Sixth starter pitches like sixth starter, White Sox swept out of DC


In a typical good Dylan Axelrod start (if there’s any thing typical about it) he skirts through the batting order once, accumulating outs in a non-descript manner and floating into the third or fourth before anyone has time to do a double take at the sight of Dylan Axelrod retiring major league hitters. Multiple trips through the batting order can give the effect of Wile E. Coyote looking down, but there’s enough forward momentum to get him into the sixth inning.

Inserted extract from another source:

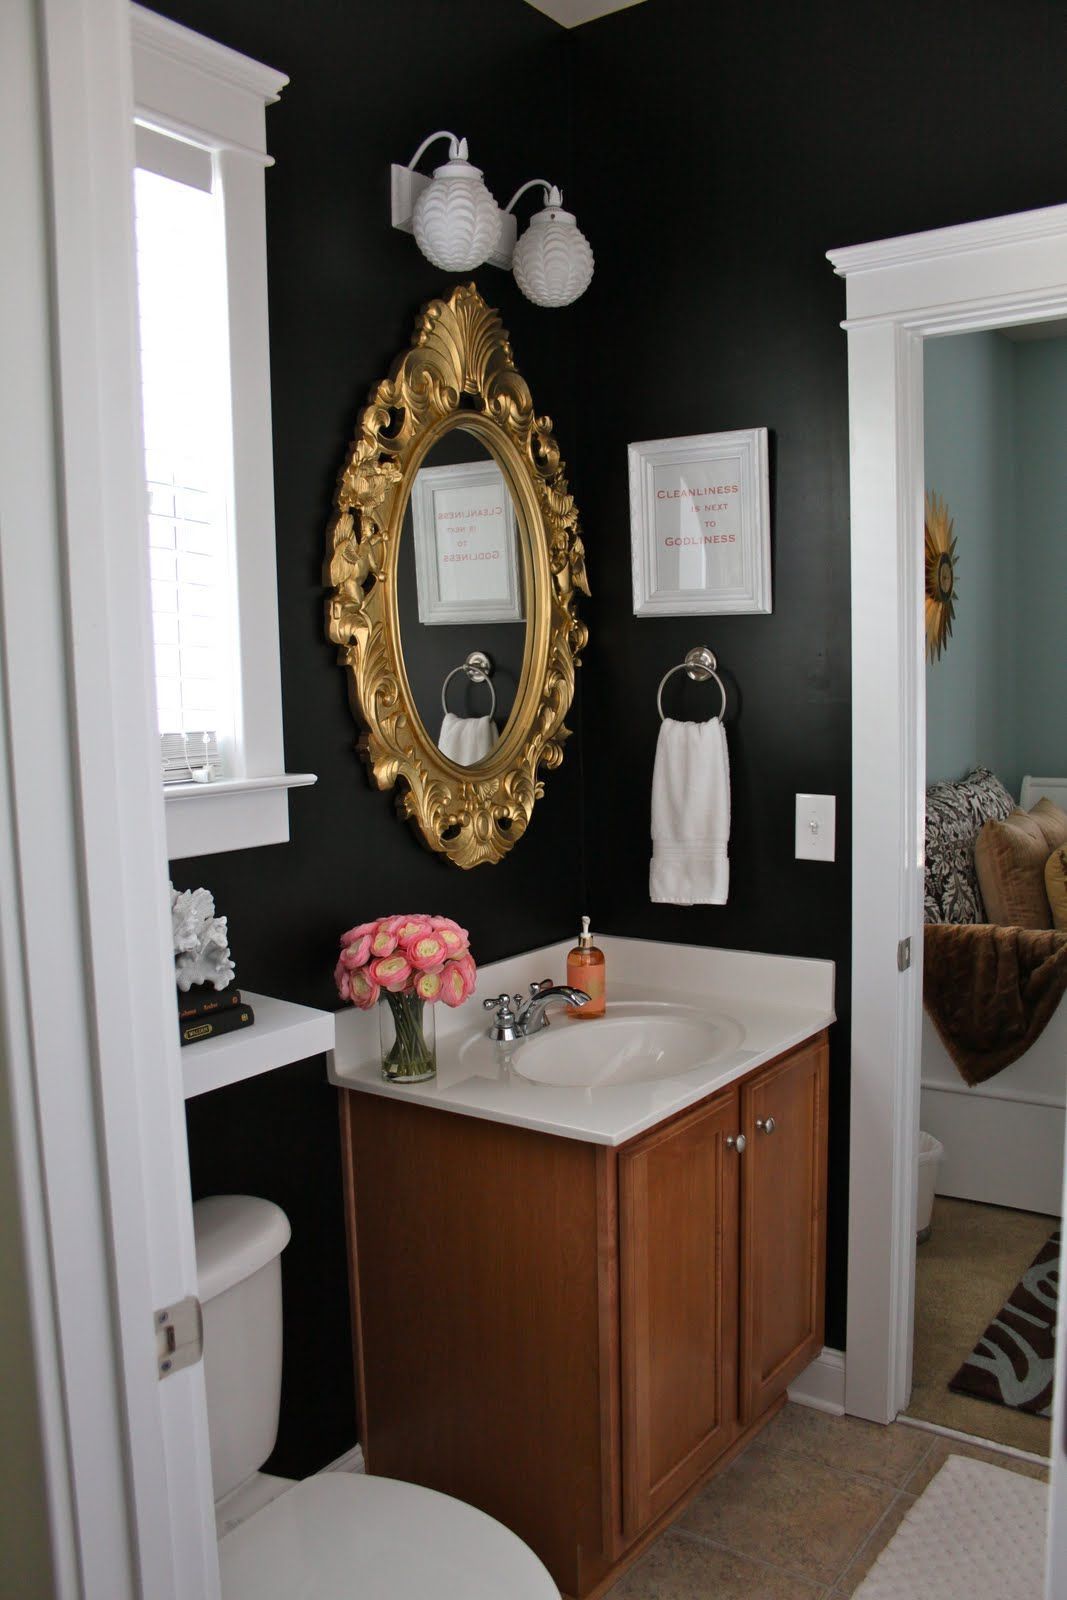 Black walls in the bathroom with gold framed mirror

Hopefully the Sox score 18 runs and make all the decisions easier.

This–Thursday night in Washington–was not a good Dylan Axelrod start (3.2 IP, 7 H, 6 ER, 4 BB, 2K). This was a night where it was readily apparent that the Sox were trying to sneak in a fill-in from the second batter on, and failed to the tune of a 7-4 pounding at the hands of the Nationals. Axelrod lacked the command to earn chases on his sliders away, which raised a spotlight on his nibbling and spent far too much time working up in the zone with his 88 mph heat to avoid punishment.

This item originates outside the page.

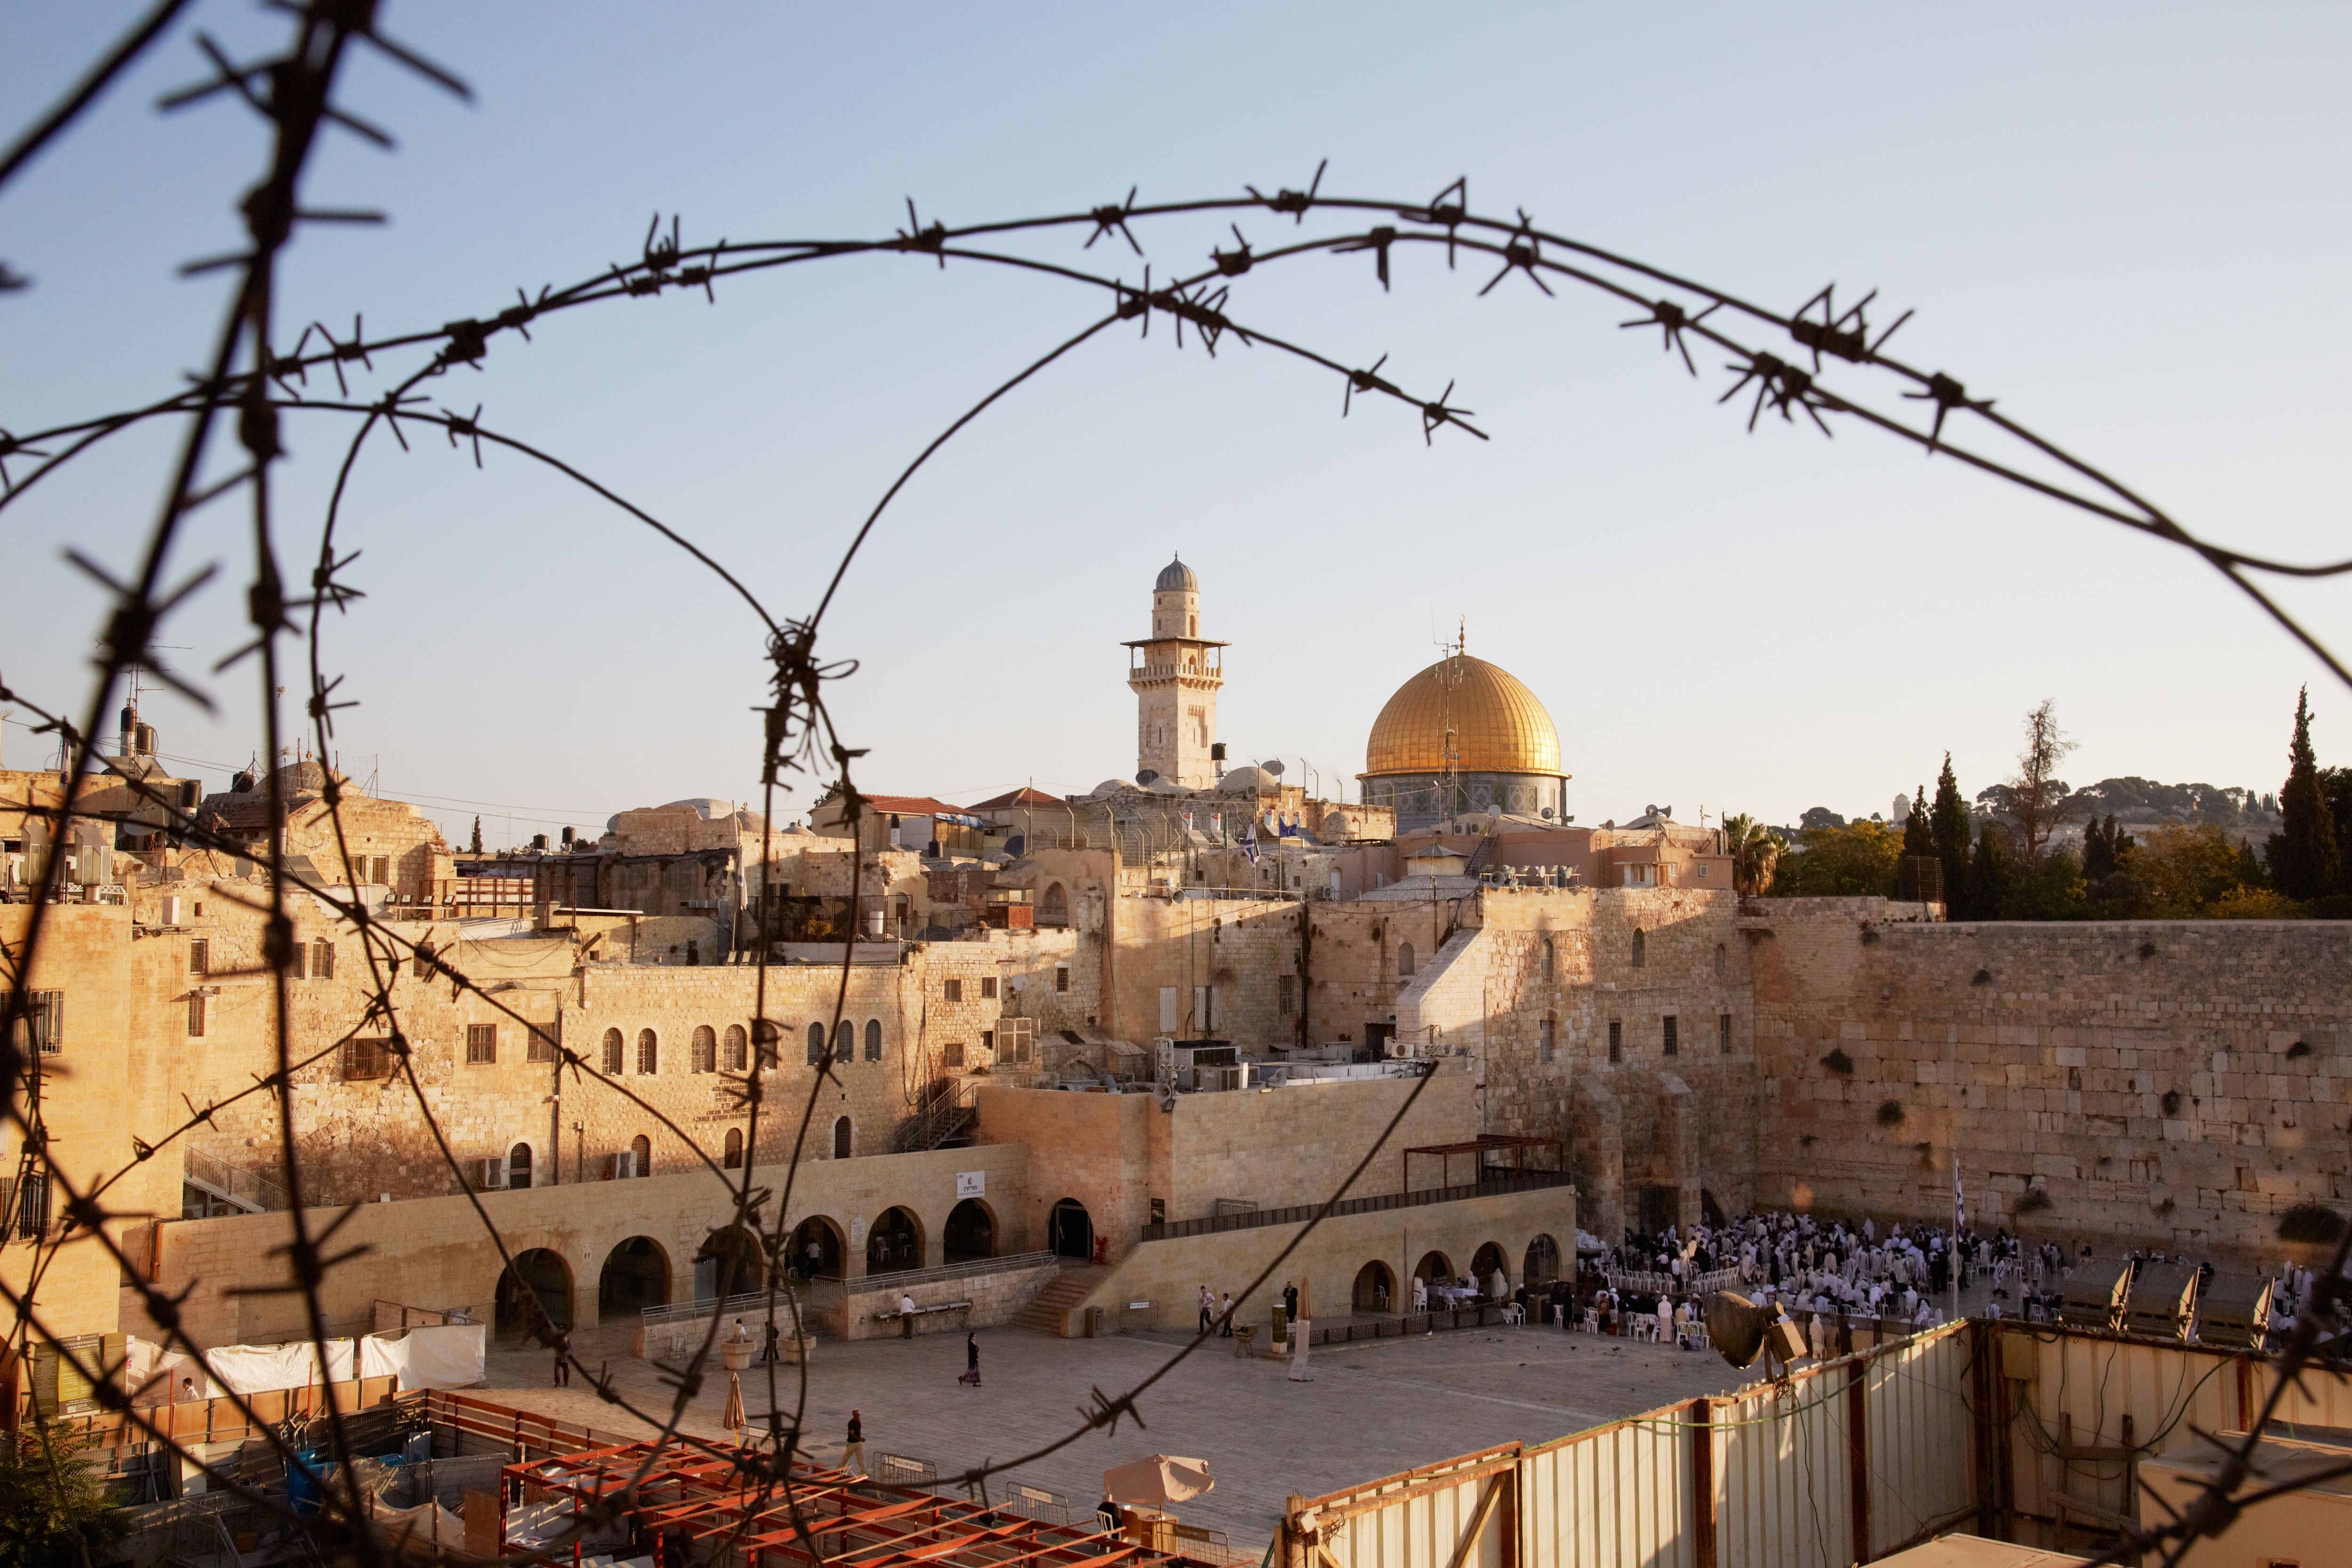 Palestine, HISTORY , Religion & Conflicts

His pitch account ballooned to 40 after one inning, was nearly to 100 by the middle of the fourth when he needed one good pitch to Ryan Zimmerman to keep the deficit at 4-3. Instead, Axelrod floated a flat breaking ball up in the zone that Zimmerman laced into right-field to score Jayson Werth, and the intentionally walked Bryce Harper, making it 6-3 Nats.

It was the last significant hit of a game.

Dan Haren is still a scary name, but had few traces of his 2011 form Thursday. The White Sox pushed a runner to second base in every one of Haren’s five innings, but went a rousing 2-10 in those opportunities against Haren. After Conor Gillaspie (2-4, 2B, R, K) doubled Paul Konerko (2-4, R, K) over to third base in the second inning, only a Tyler Flowers (0-4, RBI, K) groundout was employed to drive a run home. When Alex Rios (2-4, 2 2B, BB, K) followed up a Jeff Keppinger (2-5, RBI) single by doubling him to third base, they were both stranded by strikeouts from Adam Dunn (1-5, 2B, RBI, K) and Alexei Ramirez (1-5, 2B, 2K).

“Timely hitting” is a phrase that’s beaten to death during every win that features less than five home runs, but it’s safe to conclude it was absent in a contest where the Sox were held to four runs on 13 hits. Even the fun of Adam Dunn’s sixth inning opposite field RBI double off the wall was sapped when Ryan Matheus froze Paul Konerko with a 3-2 slider to strand Alex Rios at third along with Dunn.

Really, the problem is that Dunn’s double didn’t clear the wall. A dinger removes the need for all this silly clutch-hitting and without the warm embrace of these sweet moonshots the White Sox are enveloped in sadness when they cannot escape. They will leave Washington having not received a single quality start  and with a losing record.